Anyone familiar with the plays of Martin McDonagh should brace
himself for grisly spectacles and gallows humor whenever a new one
comes to town. McDonagh is, after all, most famous for The
Pillowman, an astonishing work about a man who became a successful
fiction writer by listening to the sounds of his brother being tortured
every night. The Pillowman jarred audiences when it came to
Berkeley Rep two years ago under the shrewd direction of Les Waters,
who revisited McDonagh’s oeuvre with this year’s equally gruesome
production of The Lieutenant of Inishmore. From the opening,
when the grizzled Irishman Donny (James Carpenter) lifts a dead cat
from his coffee table — allowing its head to dangle precariously
from its neck — you can tell where the play is going.
At first it appears that the cat was killed in a bicycle
hit-and-run, and the culprit is Donny’s slacker-neighbor Davey (the
hilarious Adam Farabee). The true story is, of course, much more
complicated: the cat (a big, black, scruffy guerilla of felines named
Wee Thomas) actually belongs to Davey’s terrorist son Padriac (Blake
Ellis), a lieutenant in an IRA splinter group called the Irish National
Liberation Army (INLA). And it was assassinated by Padriac’s erstwhile
comrades as a ploy to get Padriac to rush home so they could kill him,
too. The story takes an entire play to unravel, which is part of the
beauty of McDonagh’s writing: He has a wonderful way of withholding
details and allowing his plays to get ever-more labyrinthine, saving
the “aha” moment for the very end. Nonetheless, McDonagh establishes
his characters and his political subtext right away.
The Lieutenant of Inishmore is really about the IRA and its
various splinter groups, all of which evidently saw violence as
something enabling and liberating — even though it rarely gets
them anywhere. In some respects, the play is very specifically Irish.
The socialist INLA was, in fact, a paramilitary faction launched in
1974 by defectors from the original IRA. Intended as a Marxist
separatist group, it targeted both the British and its parent
organization, the IRA, whose members were also attacking the British.
Only a person well-versed in Ireland’s tangled political history would
understand the point of forming a rogue group to undermine a large
liberation army, when both the rogue group and the large army appear to
be fighting a common enemy. But therein lies McDonagh’s humor. It turns
out he didn’t have to go to absurd lengths to poke fun at the INLA’s
utterly ineffectual approach.

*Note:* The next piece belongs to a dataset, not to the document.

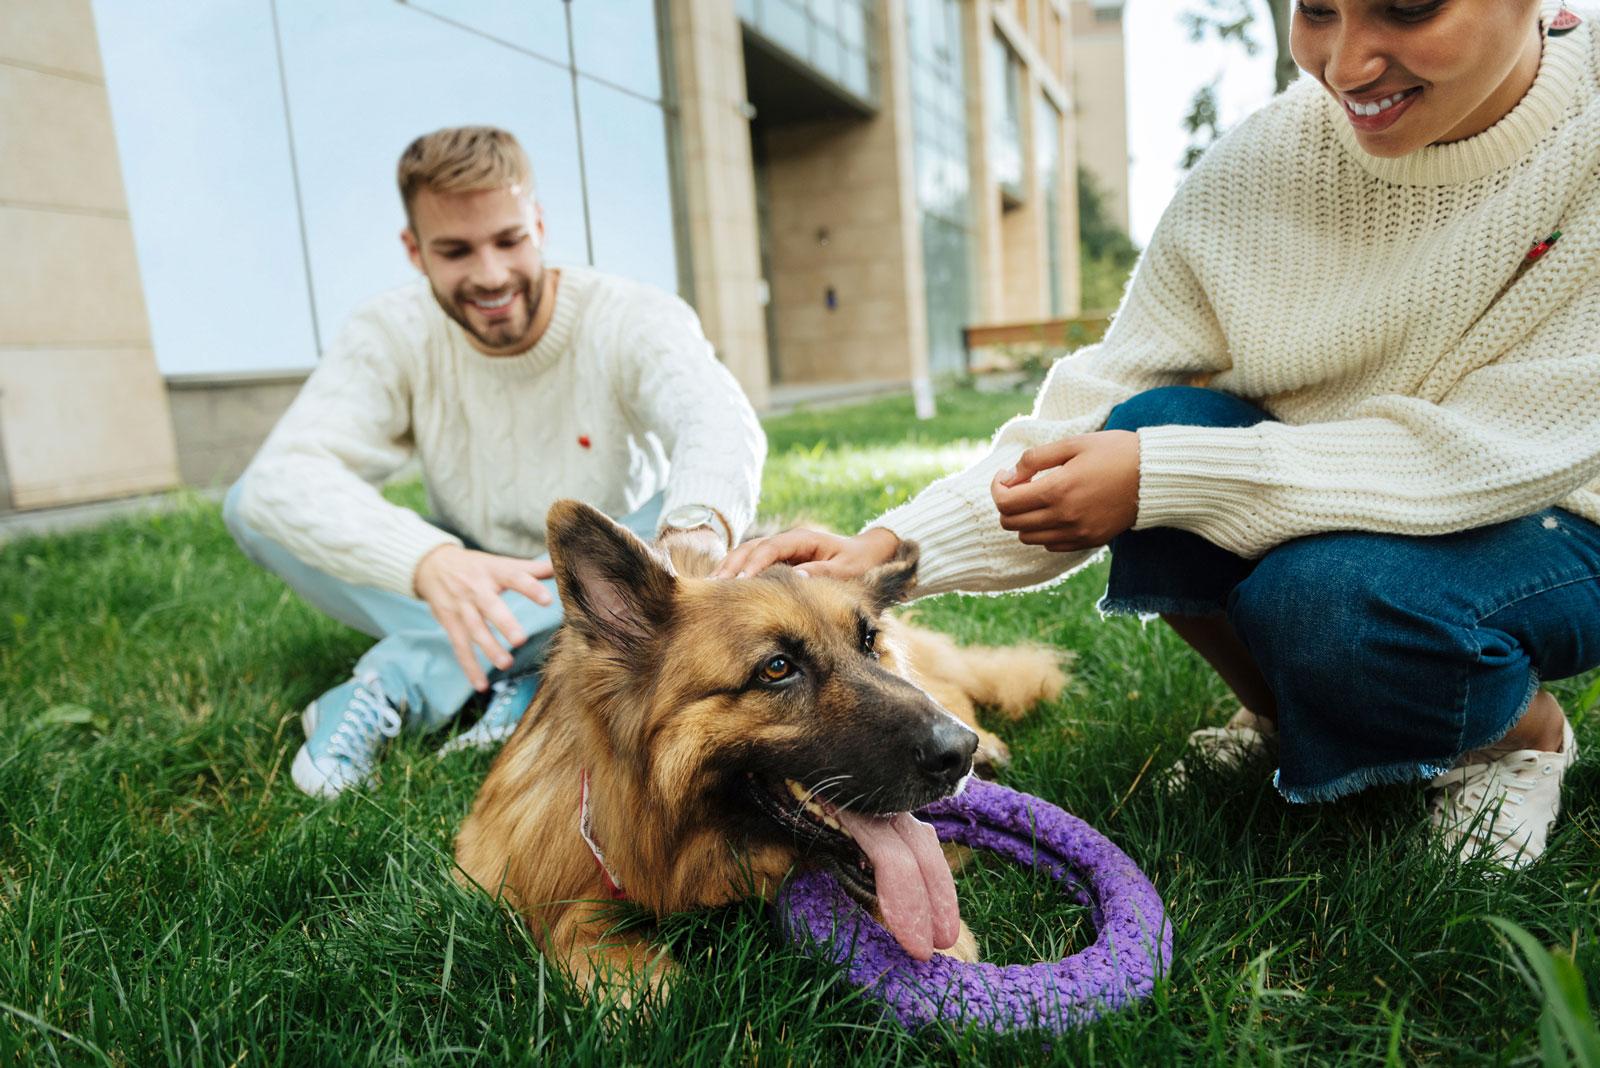 Gute Gesprächsbasis: Hunde fördern soziale Kontakte.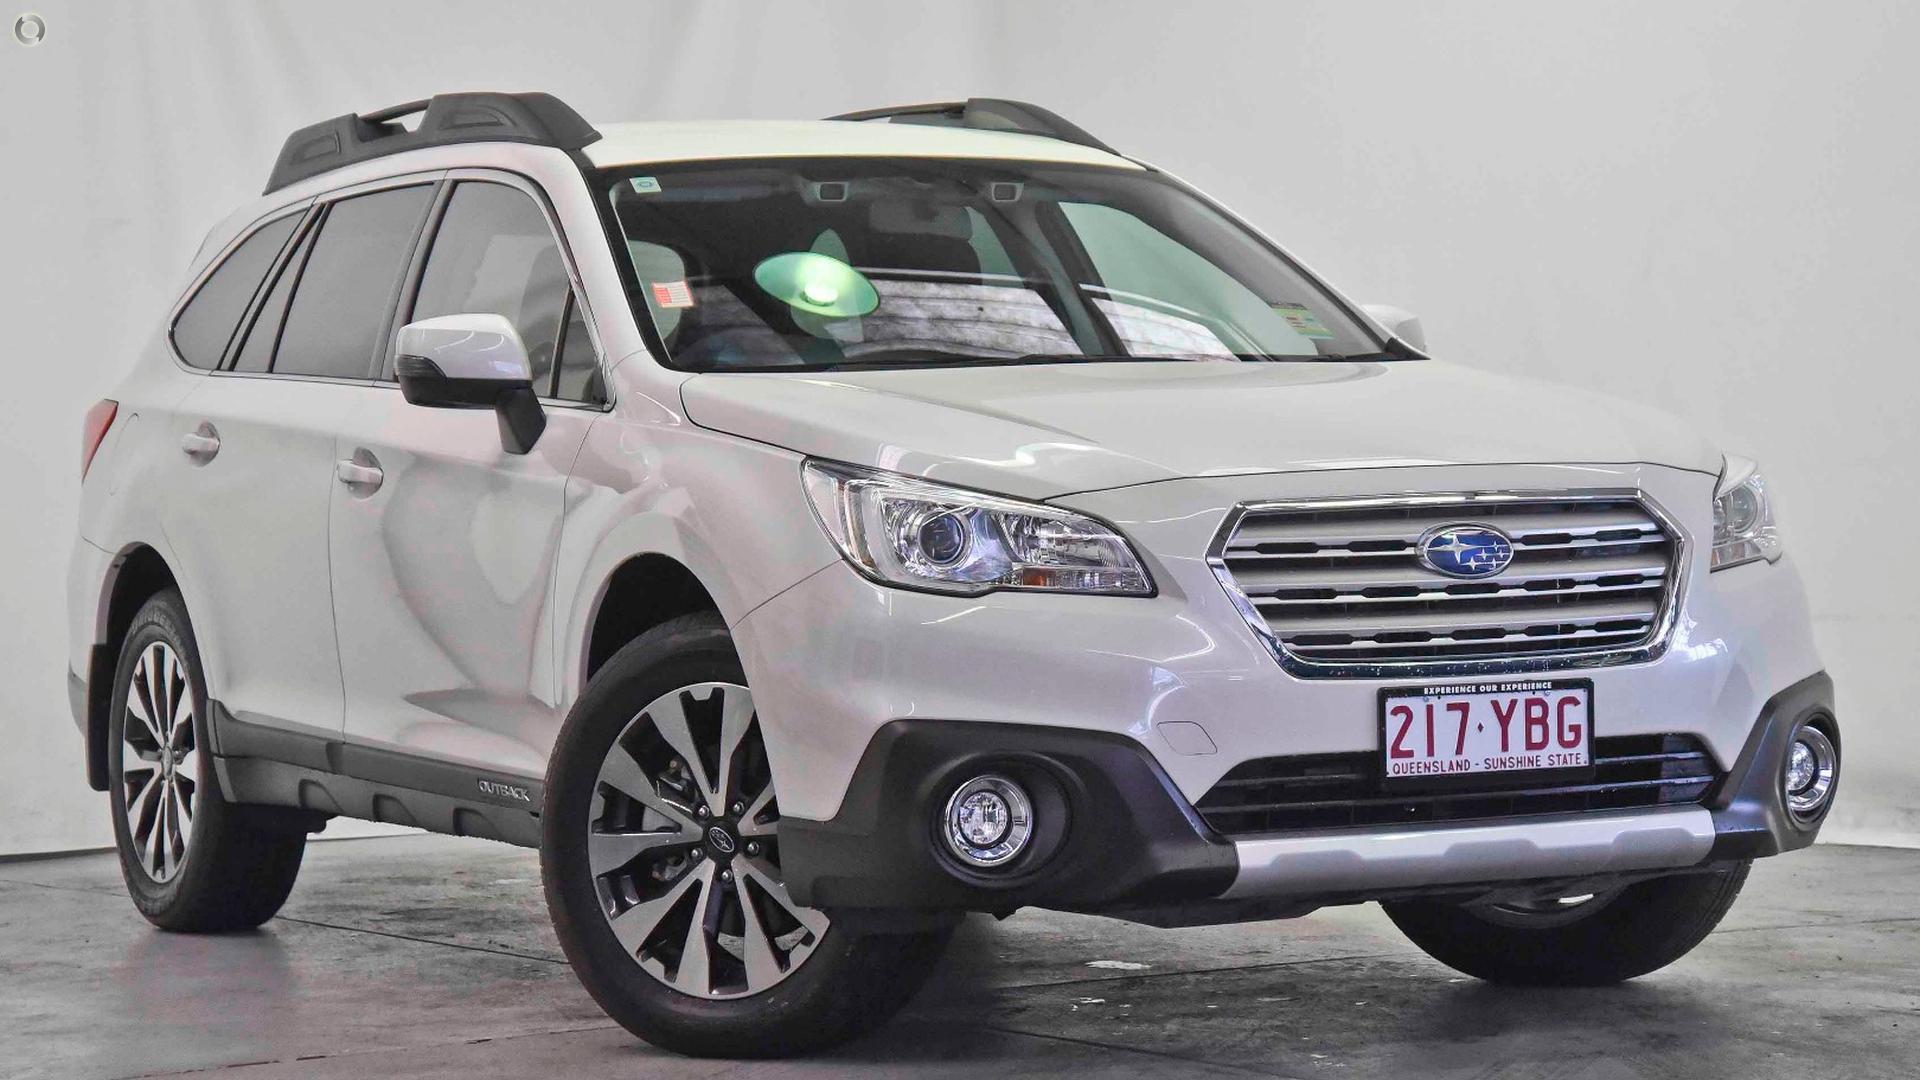 2017 Subaru Outback 2.5i Fleet Edition

The outlandishness was already there for
him; All McDonagh had to do was throw a dead cat into the mix.
Given its subject matter, one would expect a surfeit of blood and
guts in The Lieutenant of Inishmore, and the play does not
disappoint. The (obviously fake) dead cat in scene 1 is just a preview
of coming attractions: In the course of two hours, we are treated to
torn fingernails, shooting massacres, eyes getting poked out, corpses
getting ripped from limb from limb, and roughly thirty gallons of fake
blood splashed across the stage. (The program notes say twelve —
but that seems conservative.) And, yes, this is a comedy. McDonagh’s
humor operates on many levels. There’s a slapstick element to most of
the character pairings: Davey and Donny, whose fear of Padriac leads
them to paint an orange cat with shoe polish and pretend it’s Wee
Thomas (which only gets everyone in deeper trouble); Padriac and the
drug pusher James, who come to a weird reconciliation when Padriac,
midway through torturing James, finds out that Wee Thomas is “poorly”;
Padriac and Davey’s tomboy sister Mairead (a surly but guileful Molly
Camp), whose sexual chemistry seems natural because they are both
sadistic, gun-wielding, political extremists with a soft spot for cats.
Even if you don’t understand the Irish references or find the actors’
accents unintelligible, there’s enough physical comedy to keep the play
moving forward.
Yet, McDonagh’s humor also operates on a more sophisticated level.
The weird alliances and disloyalties between his characters mirror the
ones in Ireland’s various political blocs. Neither Mairead nor Padriac
would hesitate to gun down a family member who stood in the way of
their political ambitions, just as the members of INLA are quick to
fight other Irish republican factions over an ideological splitting of
hairs. In fact, the tit-for-tat between members of McDonagh’s
fictionalized INLA has real historical grounding. “I’d’ve never joined
the INLA in the first place if I’d known the battering of cats was to
be on the agenda,” said Padriac’s would-be killer Joey (Michael Barett
Austin). “The INLA has gone down in my estimation today.”
Of course, the play’s big joke is Wee Thomas, the apparent Helen of
Troy in this production. When the real cat (yes, a real cat) crawls
through a back window, unscathed, you’ll hear a collective “awwwwww” in
the audience — followed by a shudder. We’ve just watched McDonagh
whack about two-thirds of his cast. Could he possibly add a furry
animal to the carnage? No one would put it past him.